New ways to prevent root rot – a diseased forest can only be treated by clearcutting

|Root rot causes damage worth of tens of thousands of euros for Finnish forestry annually. This was emphasized at the Forest Quiz organised by the Finnish Forest Association for schoolchildren in May, 2018, where Petri Kortejärvi from the OP Financial Group was discussing the subject. Photo: Vilma Issakainen|

Swedish researchers have identified a gene that slows down the growth of root rot in spruce. In Finland the discovery will be utilized by selecting spruces with a better genetic resistance to root rot for breeding.

A team of Swedish researchers, Miguel Nemesio-Gorriz et al., have conducted basic research with a view to breeding a spruce with a better resistance to root rot. The breakthrough came when they found an explanation on the genome level to why some individual trees withstand the root rot better.

”They managed to identify a gene that slows down the growth of root rot. In functions in exactly the same way as the human genes determining blood type or eye colour,” says Jarkko Hantula, Research Professor at Natural Resources Institute Finland.

The gene in question is advantageous in that it affects the descendants even if it was inherited from only one parent.

According to Hantula, the gene does not prevent root rot from spreading, but it does slow it down. The spreading of the mycelium in spruce slows down by 27 percent, but in reality, the decline in damage is even greater, because the journey of the mycelium from the rootstock to the tree butt will slow down.

Research Professor Jarkko Hantula at Natural Resources Institute Finland believes that we could well have spruce seeds and seedlings with a better resistance against root rot on the market very soon. Photo: Erkki Oksanen

There are two species of root rot in Finland

There are two species of root rot in Finland, one found in pine (Heterobasidion annosum) and another in spruce (Heterobasidion parviporum). Only the latter is a significant cause of rot in roots and butts.

The root rot specializing in spruce causes more damage in more southerly locations. It decays the most valuable part of the trunk, the butt log, and this alone causes an annual loss of EUR 50 million to Finnish forest owners selling wood.

”In addition, there are many indirect effects, the size of which we don’t know, such as the weakening of growth due to diseased rootstock,” says Hantula.

Another loss is the potential value added of the logs that cannot be sold to industry. The size of this loss cannot be estimated, either.

Results are expected soon

There are plans in Finland to utilize the Swedish discovery as rapidly as possible. The fastest method is to take spruces with a better resistance and multiply them asexually, which is something that can be carried out successfully for spruce.

”Another method is to study the genomes of individual spruces to see which of them have the gene in question and which do not. This gene test can be easily carried out using, for example, the spruce needles,” says Hantula.

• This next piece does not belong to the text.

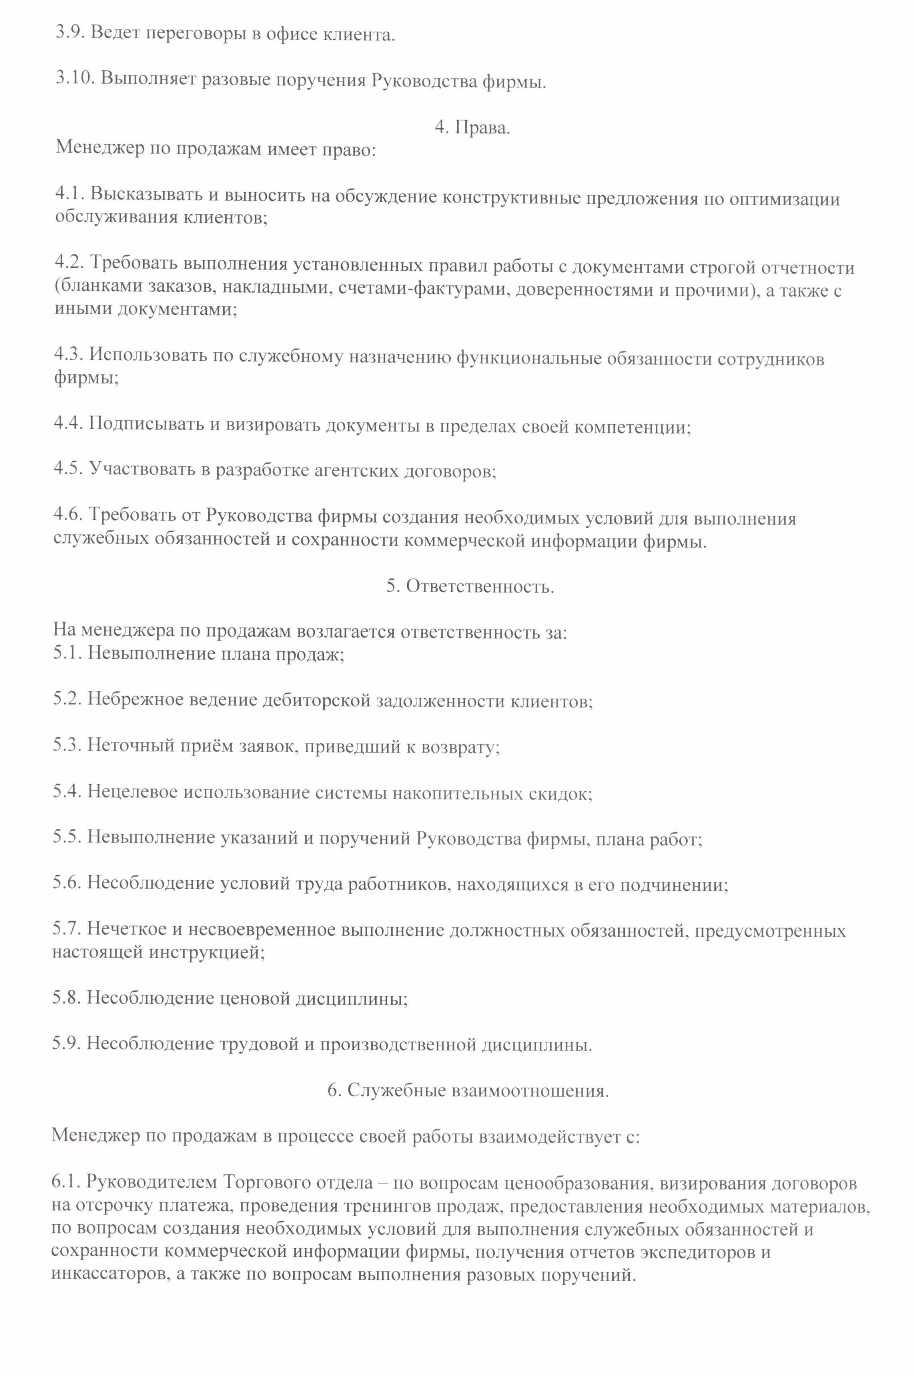 Должностная Инструкция Менеджера В Культурной Деятельности

”When we find spruces that have inherited the resistant gene from both parents, all their descendants can be used on contaminated stands, because all the descendants of these trees will be resistant,” says Hantula.

A third method is the traditional one, to select spruces with a proven resistance and continue breeding with them. This method is, however, clearly slower than the other two.

The research project led by Hantula is not designed to carry out actual breeding, but it will set up the foundation by finding the spruces with the best resistance from among seedling spruces in southern Finland. Hantula and Muhammad Kashifi, the project’s field worker and researcher, are going to study the genome of 2,000 individual spruces.

Then it is up to the forest breeding specialists to continue with what has been found. ”We could well have spruce seeds and seedlings with a better resistance against root rot on the market very soon,” says Hantula.

Root rot in a stump of a fallen tree. Photo: Vilma Issakainen

Root rot can be completely wiped out only by clearcut and planting another tree species

A forest contaminated by root rot presents a challenge because the fungus spreads underground in the rootstock of the trees. It can be wiped out completely from a contaminated forest stand only by clearcutting – that is, by removing the spruces and replacing it with another tree species, which must be broanleaved, such as birch.

The safest way is to allow the birches to mature and only then begin to consider whether to replant the stand with spruce.

”According to a recent observation, root rot spreads through the rootstock faster if there is a dense undergrowth of small spruces. This is because then the rootstock will also be dense and the conditions for the spreading of root rot will be ideal,” says Hantula.

However, it is possible to restrict the contamination by root rot. In Finland, the best way is to harvest the forest during wintertime. The forest is infected by aerial spores through the cut surfaces of stumps, but in cold winter conditions no spores are dispersed through air.

If harvesting in winter is not possible, another method of prevention is to spray the stump surfaces immediately after cutting with urea or the Phlebiopsis gigantea fungus, which is a natural competitor of root rot.

The treatment is actually obligatory in southern and central Finland when harvesting coniferous forest stands in the summer and can be easily carried out with a harvester.

”The success of stump treatment is 90 percent, and harvesting in winter leads to even better results,” says Hantula.